Mildred shook her head. “She sent baby pictures, but I didn’t write back. I feel guilty about that now. He was cute, but he didn’t look at all like family. He had all that dark hair. Babies aren’t suppose to have hair. And that round little face with those big brown eyes. I thought she changed her name because she didn’t want to admit we were family, and then she got herself a baby who isn’t related to us, and I made it all about me. I was such a fool.”
Emma squeezed Mildred’s shoulder and kissed her on the top of the head. “Don’t, mother.

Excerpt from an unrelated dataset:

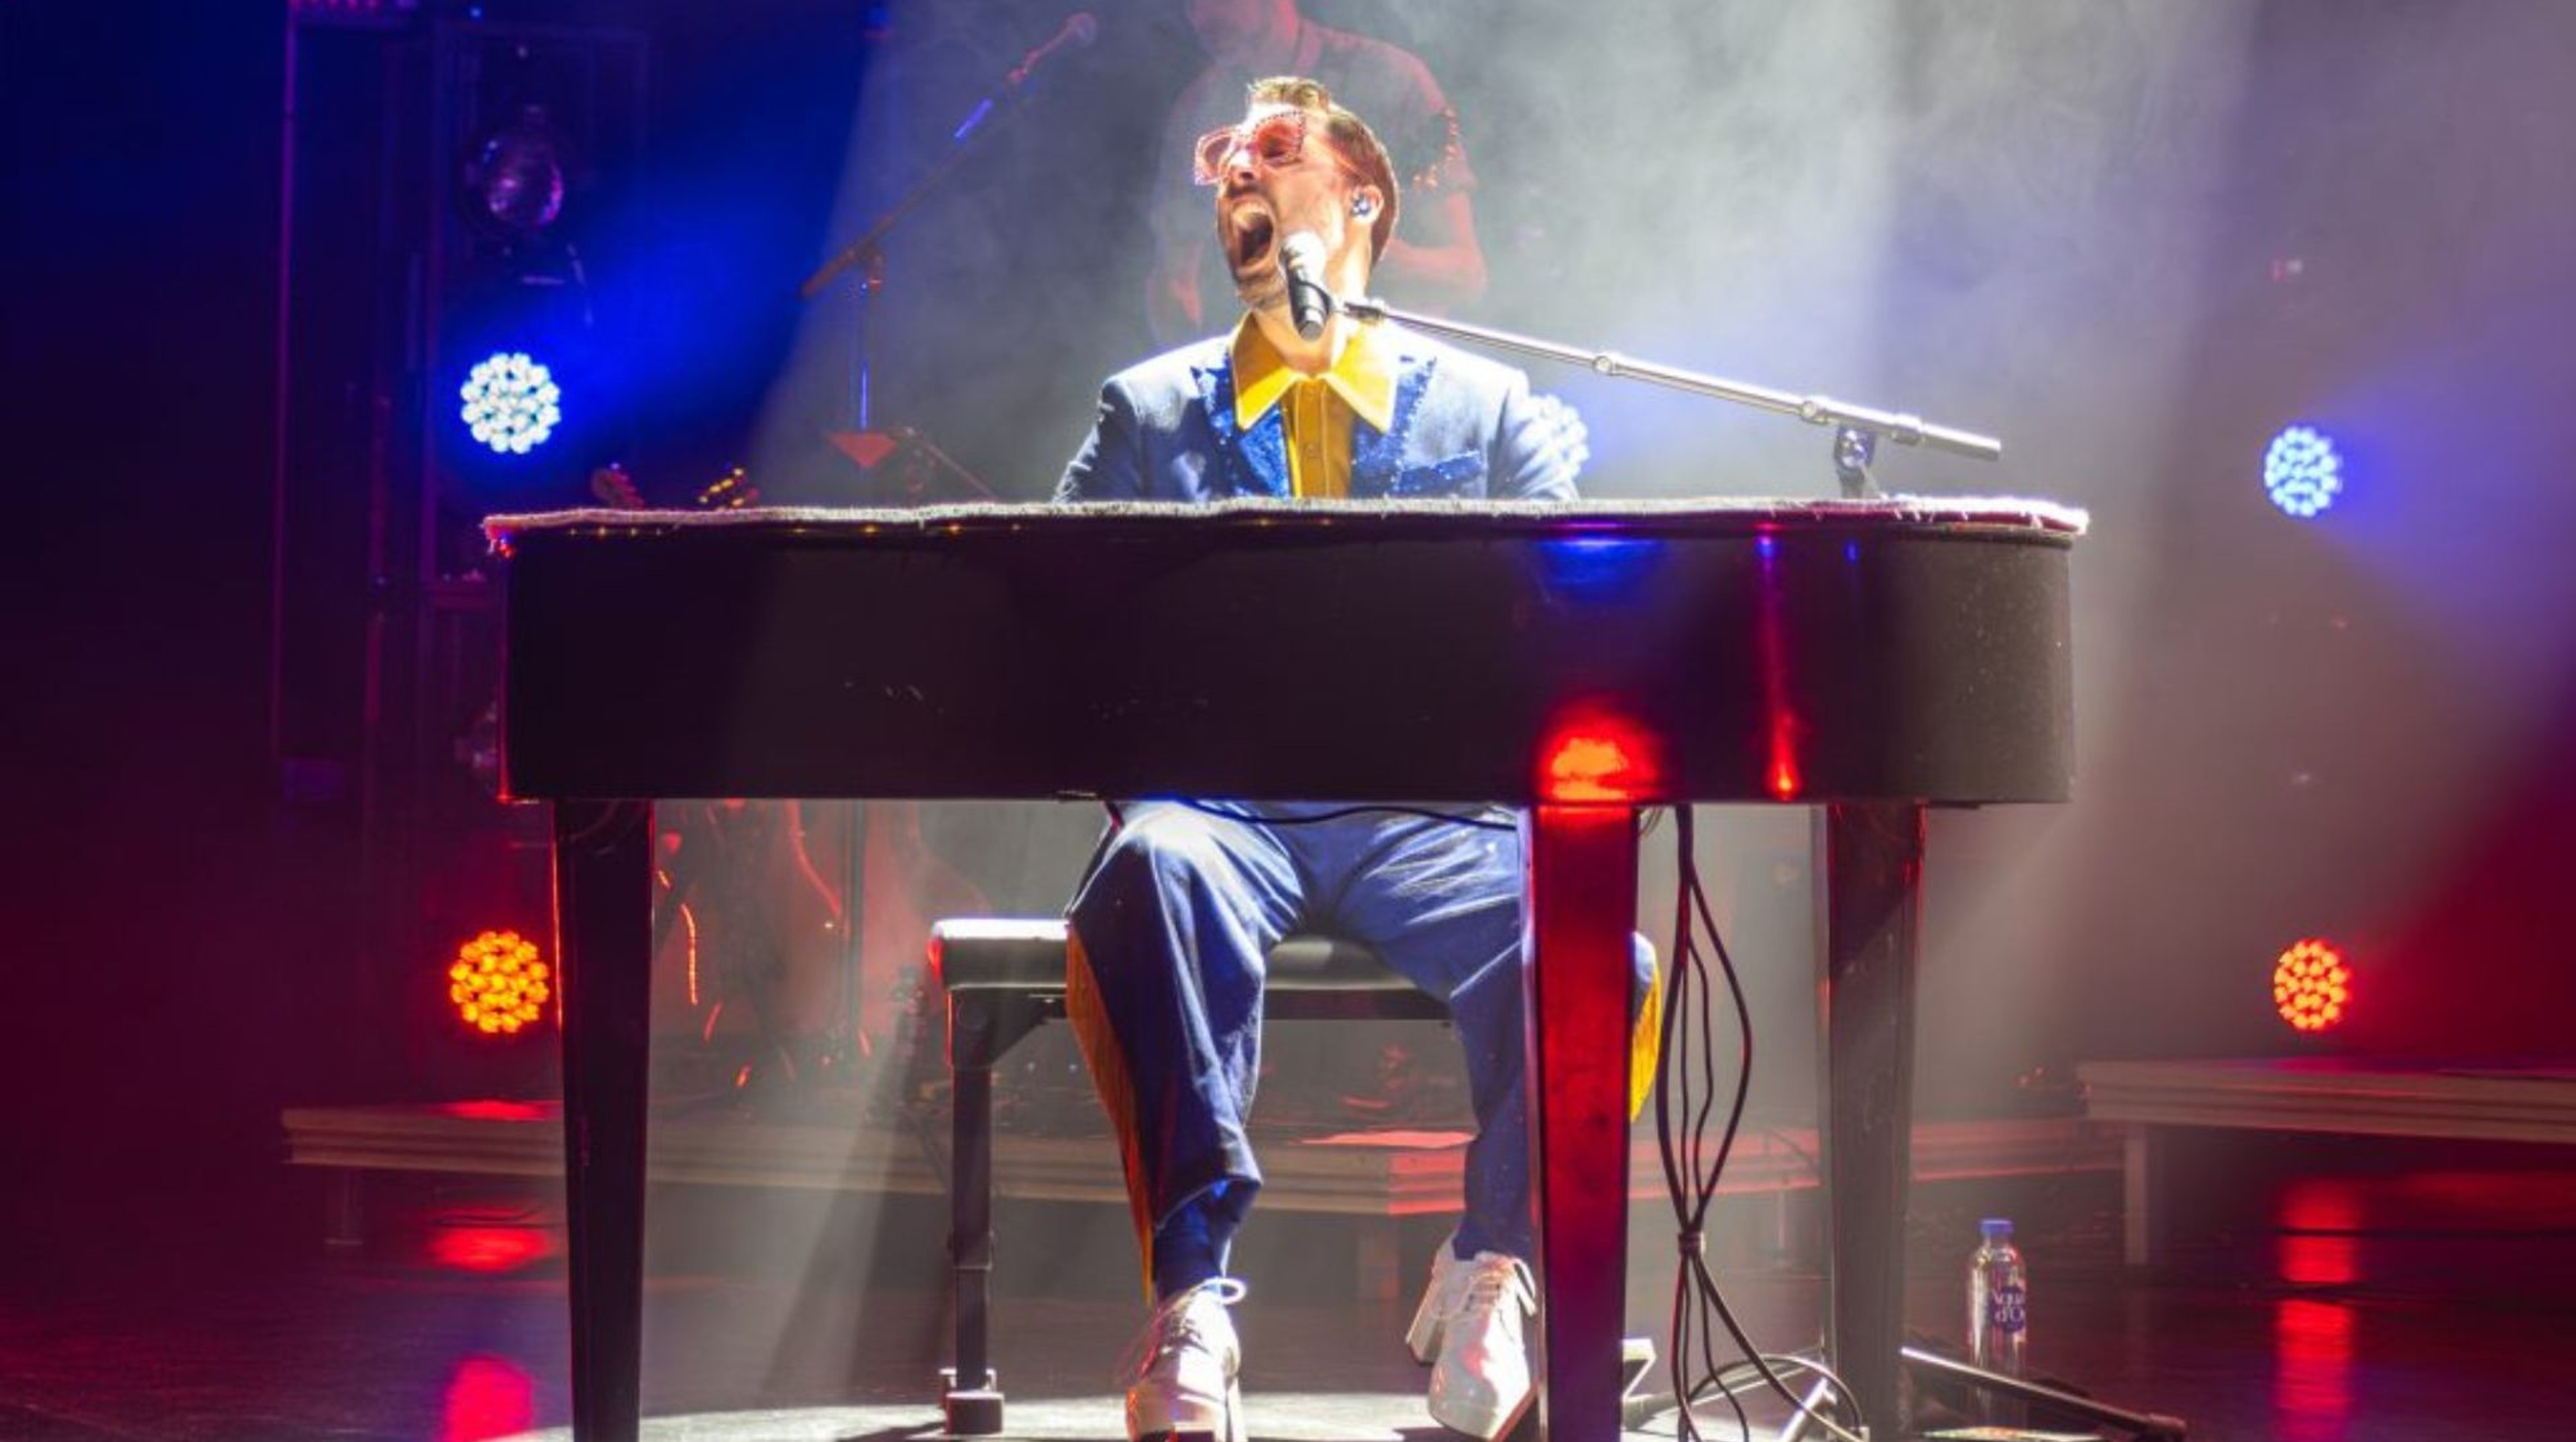  Jonas Gideon som Elton John sitter bakom flygeln och spelar och sjunger.

She’s the one who left. It’s not your fault.”
Then Emma turned to us and said, “When can we come pick up the baby?”
Mort stood up and held out his hand to help me up, too. I took his hand, stood, and waited for him to answer Emma.
He said, “The sheriff wants the kids to stay with Josie until their father can come and get them. Wally thinks it will be easier for the kids to stay put. They’re doing well, though, and they’re safe. You know Josie—she sure does love those babies.” He made a move towards the door, and I moved quickly ahead of him to avoid being run over. There wasn’t much room between the sofa and the coffee table.
“But I don’t understand,” Emma said. “We’re family. You’re not family. The baby should be here with us.”
“Now, Emma, it doesn’t matter. The baby will be fine,” Mildred said. “When the husband comes, we’ll go and pay our respects. If he lets us, I mean.”
“But, Mother, you know what they keep saying about that man in the papers. He’s in a rock band, and they’re getting a divorce.”
I was not comfortable with the way this conversation was headed. Mort and I kept walking towards the door.
Emma followed us. “You can see that, can’t you? You can’t hand a baby over to a man who sings in a rock band. He’s hardly ever home, and those people do drugs, you know they do.”
Emma’s normally pretty hazel eyes were rimmed with red, although she wasn’t crying yet. I held out my arms, offering a hug, and she moved into it.
When she pulled away, the tears were falling down her cheeks, and the house was filling up with the acrid smell of burnt chocolate chip cookies. I patted Emma’s shoulder, and we left.
SEVEN
Jocko followed us back to the snowmobile and jumped onto the seat. The wind was picking up and snow was starting to move into long rows and drifts. I pulled my scarf over my hat, babushka style, to get more protection for my ears.
“Why did you say that about Wally wanting Josie to keep the baby?” I said. “I didn’t hear him say that.”
“Well, we can’t give the baby to a suspect, can we?”
I looked back at the house. Emma was looking at us through a gap in the curtains. When she saw me looking, she gave a little wave, and moved away from the window.
“For the baby?” I said.
“It happens.”
“We need to go see Carol Kramer,” I said.
“You call Carol, I’ll call your mother and see how things are going at home.”
“Ask her to look up Carol’s number for me.”
I waited, stomping my feet to make them feel warmer, while he talked to Josie. It would have been more reasonable to call Carol before we left the museum, and I was kicking myself for not thinking of it sooner. Mort ended the call and said, “She has to call someone on the library committee. The number isn’t in the phone book.”
We waited, listening to the wind whistle in the branches overhead. When she found Carol Kramer’s number, she called Mort back and he repeated it to me. I punched it into my cell phone with cold fingers.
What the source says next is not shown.